As some will know I am fighting a major battle and so confused about a lot of stuff.
I fear ridicule and rejection a lot all the time.
I fear aggressive behaviour from other people.
I easily feel intimidated by people with more power than me whether physical or emotional.
I feel worthless when I am told I have done something wrong or not done a job right or task I have been set.
I think I am a passive aggressive person, as in I do as much as possible to avoid confrontation with anyone where possible, I let things build up not saying anything and trying to keep the peace, this means I let people walk all over me quite often.
I can't handle the emotions that are inside me when people piss me off, as I don't want to tell them how annoyed or upset I am as I fear they will then get defensive and aggressive towards me because I let it build up then I snap having a go at them.

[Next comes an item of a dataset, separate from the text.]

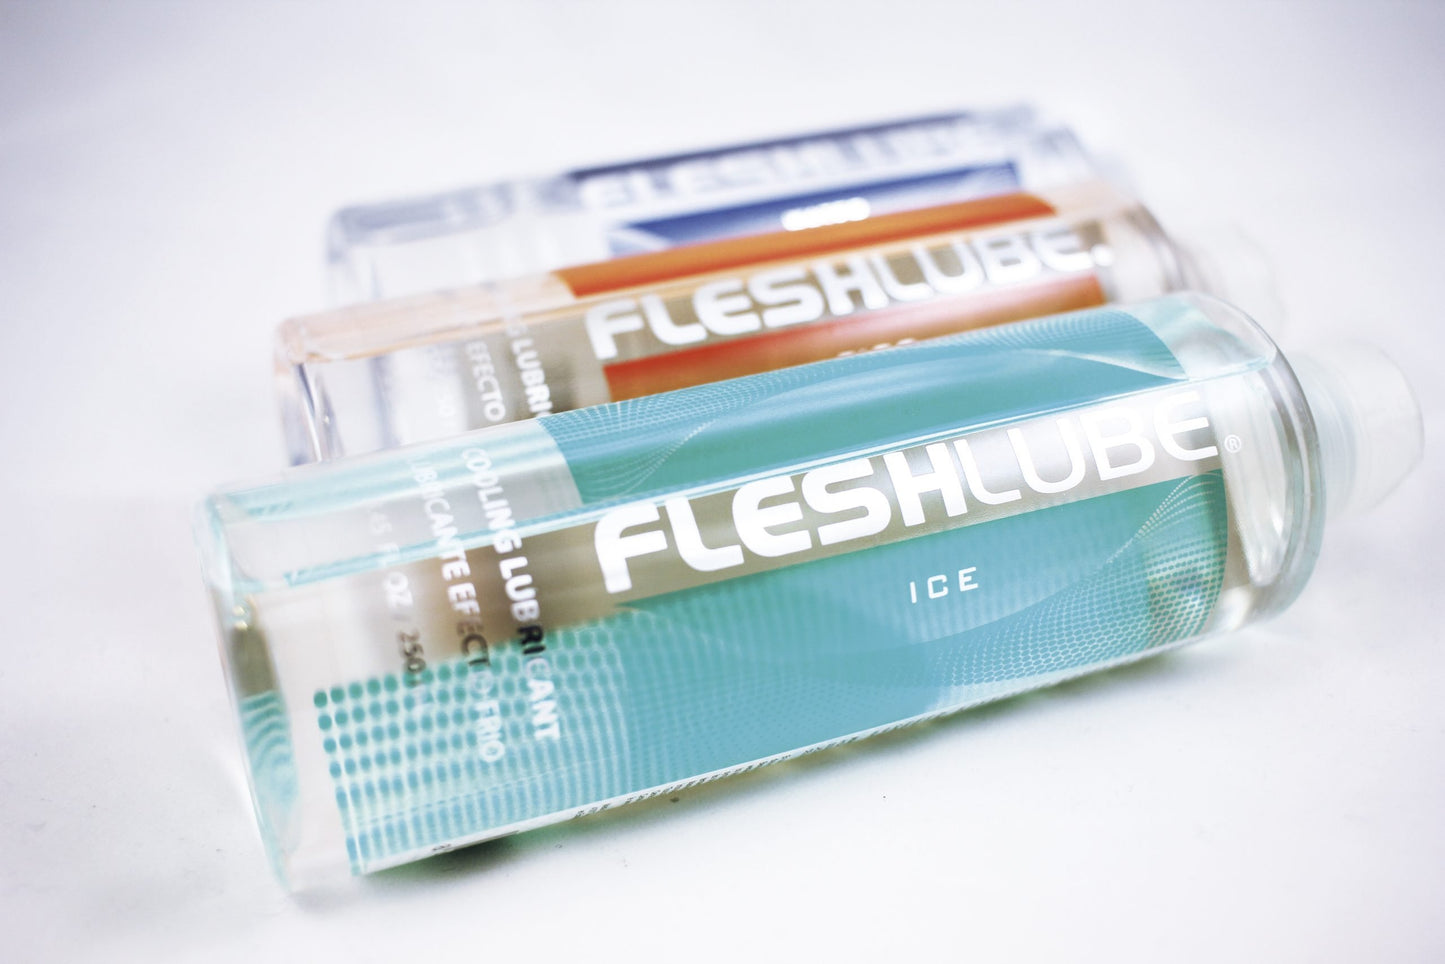 Fleshlube Ice 8 oz (Single)

It is horrible living like this trying to avoid confrontation all the time and not being able to be assertive in the right manner.
This then leads me on to believing this was a learned behaviour from being bullied and teased as a child which I have talked about before, the problem is as I got older I can't deal well with adult relationships a lot of the time, generally with people close to me or bosses for example, casual work colleagues are not really a problem.
This also I think is what makes me feel more at ease with children as I don't feel threatened by a child who I know could not physically hurt me as I feel more at their level, but with adults (not every adult obviously) I struggle to feel as equal rather than inferior and be assertive at the right times, when I do try to be assertive I think it comes over as stubbornness and anger.
I think this all contributed to my issues as I feel so more at ease with children and was looking for acceptance from someone I felt at the same level as, basically I still feel like that child but in an adults body. I really think this is a part of my relationship issues, because I fear rejection so much I avoided sexual experiences with anyone of either sex as much as I could, but those experiences I did have were with other boys and I was clinging to those past experiences as they were all I knew, and my relationships with girls were none existant.
I have to try and let this go and be more assertive but in the right manner and place and time, I have to move on from these problems and maybe then I can build some self worth and feel empowered and assertive, then I can work on the feelings of being rejected and maybe actually try and start dating someone, preferably a woman as that is one thing I feel I really missed out on during my teenage years.
Then maybe just maybe I can start really ridding myself of all the emotional baggage I have carried alone for so long.
I know this only partly fits here in this section but I think it is more relevant here as I think it is why I feel so at ease with children more than adults now I am an adult.
For me this all seems to make so much sense with experiences in my life, although from what I was reading it suggest it is down to parents behaviour that causes this behaviour but I can't ever remember my parents making me feel like this, but other kids did make me feel these feelings.
Well that's my take on it, please feel free to comment if you think any of this makes sense or if you think of other suggestions as to why this feels to make so much sense of my life?